Утром, на рассвете, пошёл вдруг сильный дождь. Солнце, поднявшись, расшвыряло тучи, но сырость в воздухе держалась и повлекла за собой стрельбу химическими снарядами по батареям на участке дивизии Гильчевского: австрийцам непременно захотелось истребить всю артиллерийскую прислугу и этим сорвать новый штурм.

К газовому обстрелу давно уже готовились и носили при себе на всякий случай противогазы. Однако знали, что это слишком сильное средство войны — палка о двух концах: на газовый обстрел заранее приказано было отвечать тоже газовыми снарядами, которых достаточно было теперь как в парках, так и на позициях. Как только раздались крики: «Химия! Газы!» и лишь только успели надеть маски, взялись за эти снаряды.

Батареи в это мглистое утро имели совершенно фантастический вид.
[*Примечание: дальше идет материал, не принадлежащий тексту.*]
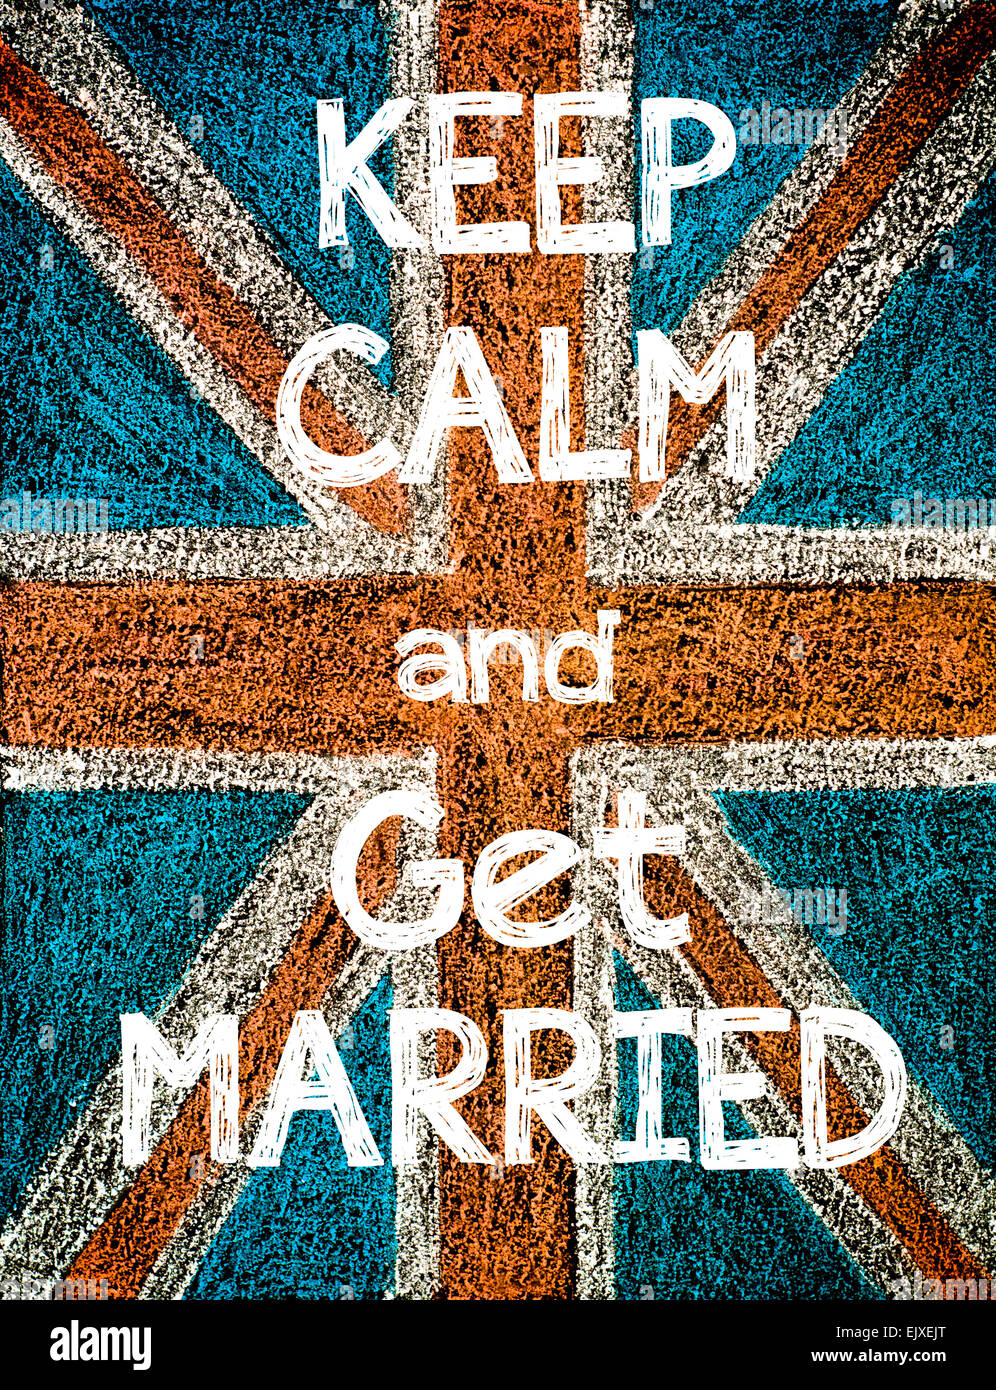 Mantener la calma y casarse. Reino Unido (British Union Jack) bandera, vintage de dibujo a mano alzada con tiza en el pizarrón, humor imagen concepto Foto de stock

Разрывы австрийских снарядов вообще были красные, чем издали отличались от русских, дававших белый дым, и вот теперь, в красной, как при пожаре, мгле, на батареях метались офицеры, точно на дьявольском маскараде, — с квадратными стёклами в белых черепах из резины и с длинными зелёными хоботами.



Они именно метались, а не ходили от орудия к орудию. Подавать команду наводчикам, тоже смотревшим сквозь стёкла масок, было нельзя, — голоса противогазы почти не пропускали, приходилось командовать каждому наводчику на ухо и от него тут же бросаться к другому. А при каждом броске кололо в лёгкие и почти опрокидывало навзничь от удушья. Не верилось, что противогазы рассчитаны на шесть часов, — каждому казалось, что в них невозможно выдержать и часа.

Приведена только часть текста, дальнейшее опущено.